А вдали столб метельный, как странник, проходил по полям, как бы плача,
то склоняясь, то выпрямляясь.
Так звучал призыв к спящим, но все обрывалось в отдалении сметенным вихрем слухов.
Так звучал призыв к спящим, но все сливалось в далях гулким хохотом заплясавших метелей.
В храм вошла игуменья. Кто-то, знакомый, одевал черную касатку в сияющие ризы блеска и светом их зажигал.
Метель пронизывал луч. Кто-то, знакомый, разрывал кружево метелей и блеском снега обливал: они сияли сквозными перьями блеска.
Игуменья стояла а сквозных перьях блеска; и слезы — жемчужины — наполняли ее стеклянные глаза.
Из храма выбегала она. Кто-то, знакомый, в скуфейке уходил в столб метельный.
Там он стоял за обителью в сквозных перьях метелей, и снежинки текли из его стеклянных глаз.
Метель запевала: «Года, неизменно текущие, проходили, наполняли чашу времен, проливались в прошлое и возвращались».

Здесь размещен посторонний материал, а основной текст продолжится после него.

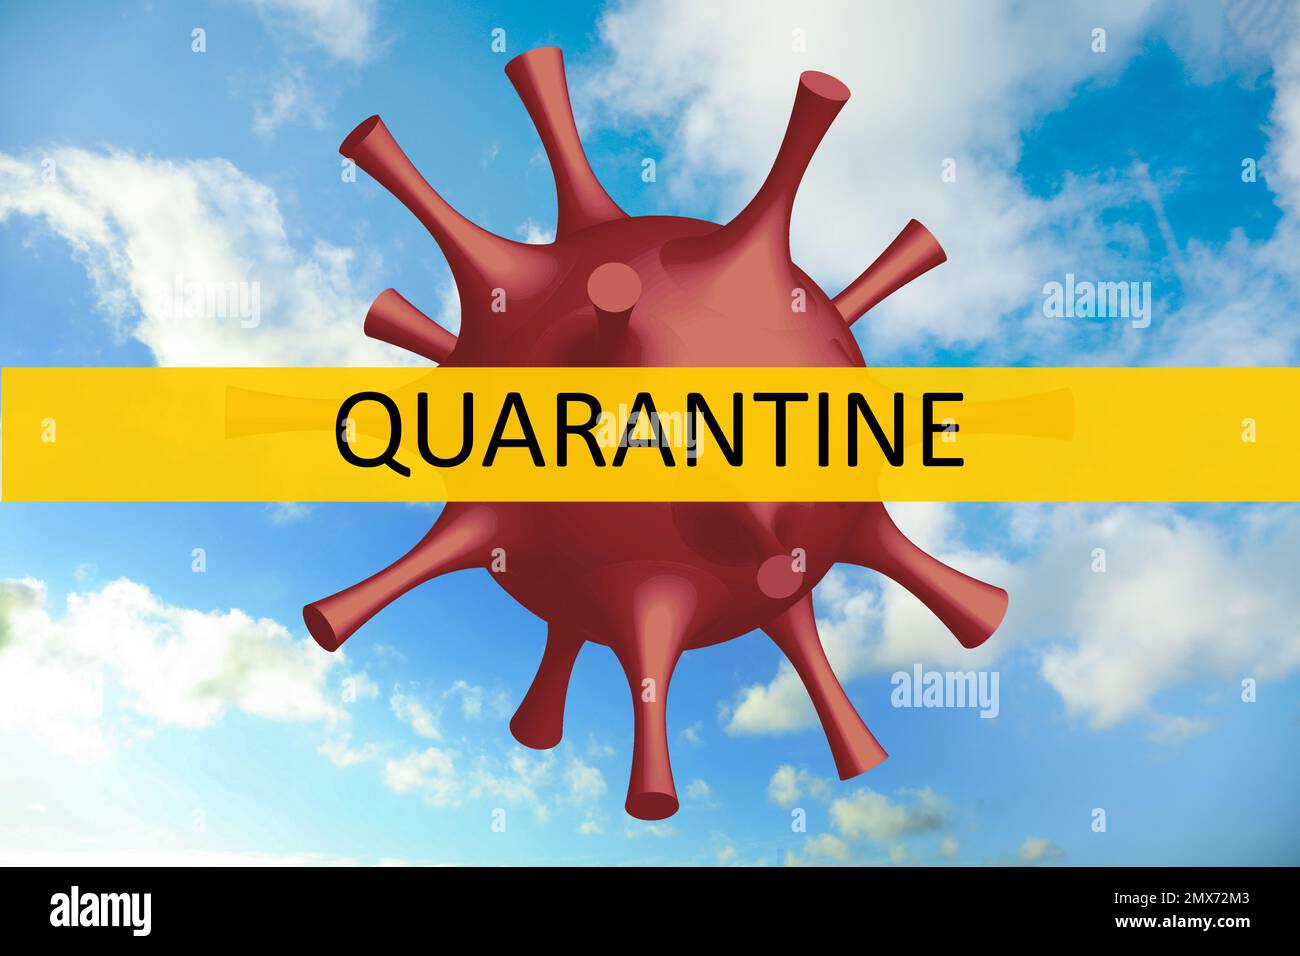 Closure of air traffic through quarantine during coronavirus outbreak. Illustration of virus against blue sky Stock Photo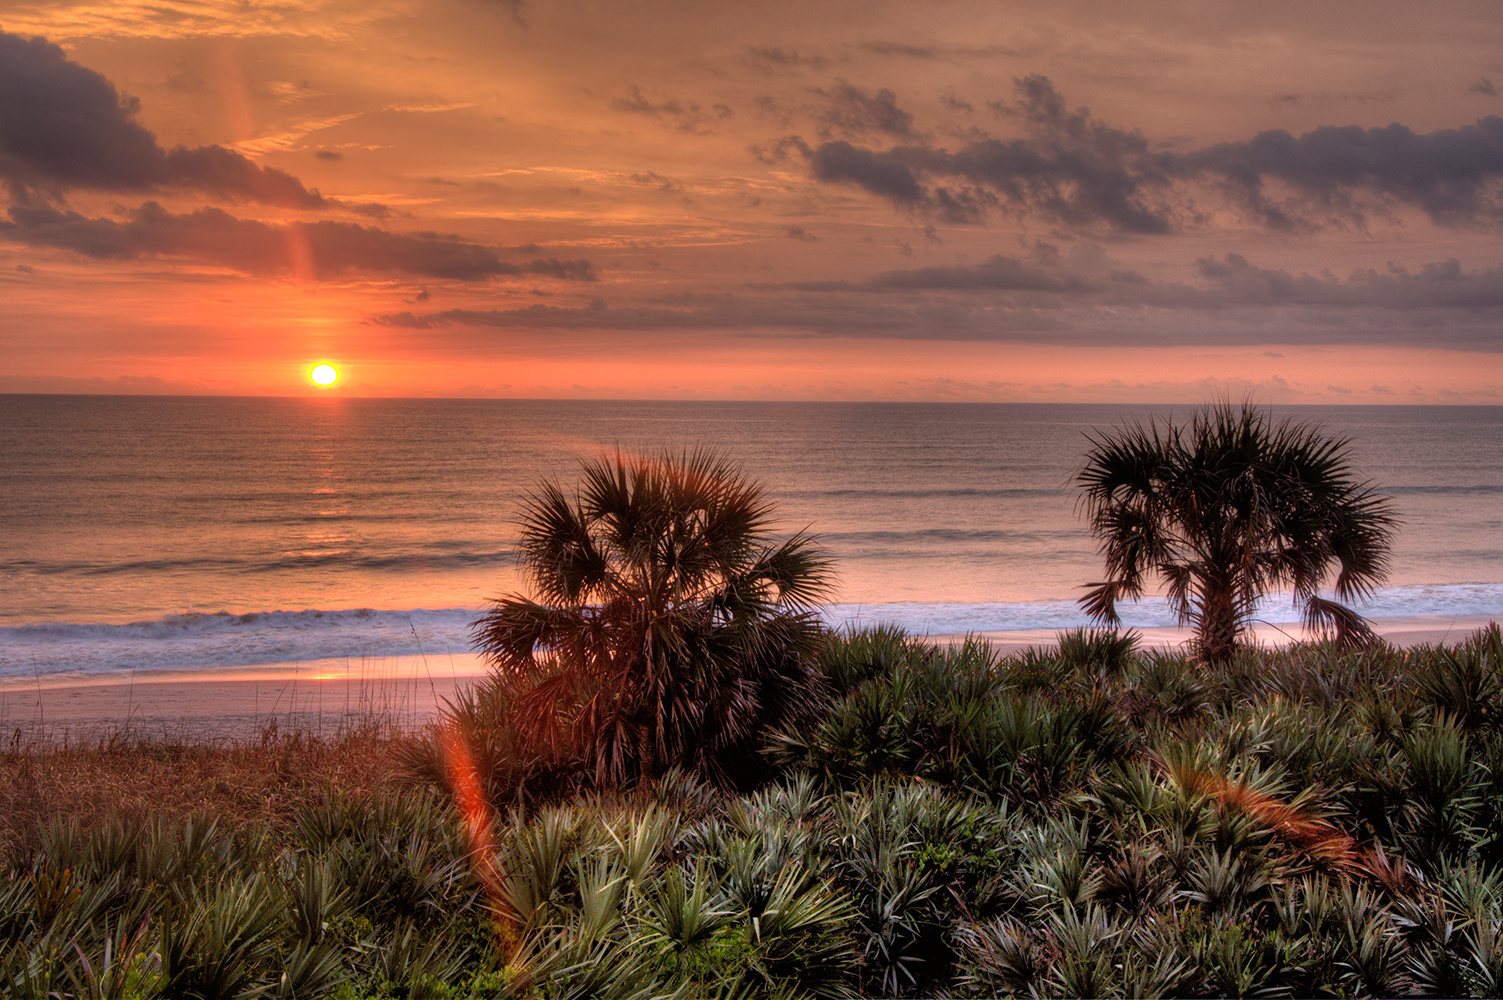 Sunrise in Indialantic Florida

Глаза игуменьи, оттененные ресницами, опускались, счастьем сияли и погасали.
Столб метели, неизменно взлетавший, бросался на обитель, обливал ее снегом, призывно плакал и пролетал.
Жену облекало солнце в золотую порфиру лучей, испещренную пятнами, и вот порфира слетала с ее плеч.
Чашу, наполненную вином, тихо вознес иерей, облеченный в солнце, и вот монашки приобщались крови.
Монашки облеклись в белую, как бы льняную одежду, испещренную пурпуровым цветом, и вот стояли со свечечками в руках.
Солнце облеклось в метельную, как бы серебряную пену, зажженную блеском, и вот метельная пена плыла над обителью.
Глаза странника из-за льдяных оконных колосьев будто глядели любовно, когда к окнам прильнул во столбе во метельном.
Глаза ее с амвона будто сверкали на вьюгу любовно, когда острый метнула в окно, острый свой взор.
От непрестанной молитвы Иисусовой восхищенная духом обитель из-под стен монастырских в воздух синий колокольным звоном скликала толпы страстно, властно, пророчески.
От непрестанных ветров хохочущий поток снежный из-за стен монастырских в воздух синий бил кружевным, хладным ревом, свистом, блеском предвесенним.
Плавно качался чешуйчатый гад на червонных кольцах.
Когда, влачась по храму, вполз в алтарь и служил там обедню, из-под волосатой морды, прощемленной ехидством, из зева попрыскивал едкой серой кощунств.
Когда, влачась над обителью, по небу полз змей метельный, из холодной пасти его попрыскивал снежок белоградным хрусталиком.
Утром епископ, подкатив к обители, то выставлял свой лик из возка, то плутовато клонился в шубные соболя: «Ну-ка, что встретит меня в сей еретической киновии?»
Ниспал на возок сквозной шмель пурговый.
Ужалил епископа морозным жалом.
Уже молодая игуменья горбилась с крыльца печеным хлебом и солью.
Зыбкий снег ее обласкал, прыснув в ноги горстями цветных каменьев, и она то прижигала взором смиренно припавших к епископу воплениц («Кто не проглотит языка?»), то впивала грудью снеговое мирро пророчеств.
Возок епископа откатился от ее крыльца, прочертив хрупкий белоцвет золотою змеею.
Паркет блестел воском. Над ним пролетел грудной цепной крест в черном шелку на фарфоровой шейке игуменьи.
За ней мантия прошушукала теменью: «Владыко, будьте гостем: мы, как и все».
Из-под плата свирепо дрогнули мертвые скулы послушницы и уста, опечатанные немотой.
Точно гремучая змея, свистело епископское лицо, но хитрая ересиаршица безответно клонилась: «Не знаю я… не знаю…»
Хмель встречи метелица претворяла в грозный шум судьбы.
В окна стучали персты ледяные.
Гремучая змея, прошелестев рясой, уползла из кельи игуменьи.
Епископ служил в храме.
Кукушечий клич клира покликивал с клиросов, когда чуть подъятым старческим ликом золотой епископ выходил с чашей в руке:
«Благочестивейшего, самодержавнейшего…»
Кукушечий клич куковавшего метельного клира покликивал жалобно в окна.
Епископ, безответно запахнувшись в шубу, прощальным шипом прошипел, словно уносясь на крыльях метели: «У вас всё по-старому. Напрасно на вас донесли».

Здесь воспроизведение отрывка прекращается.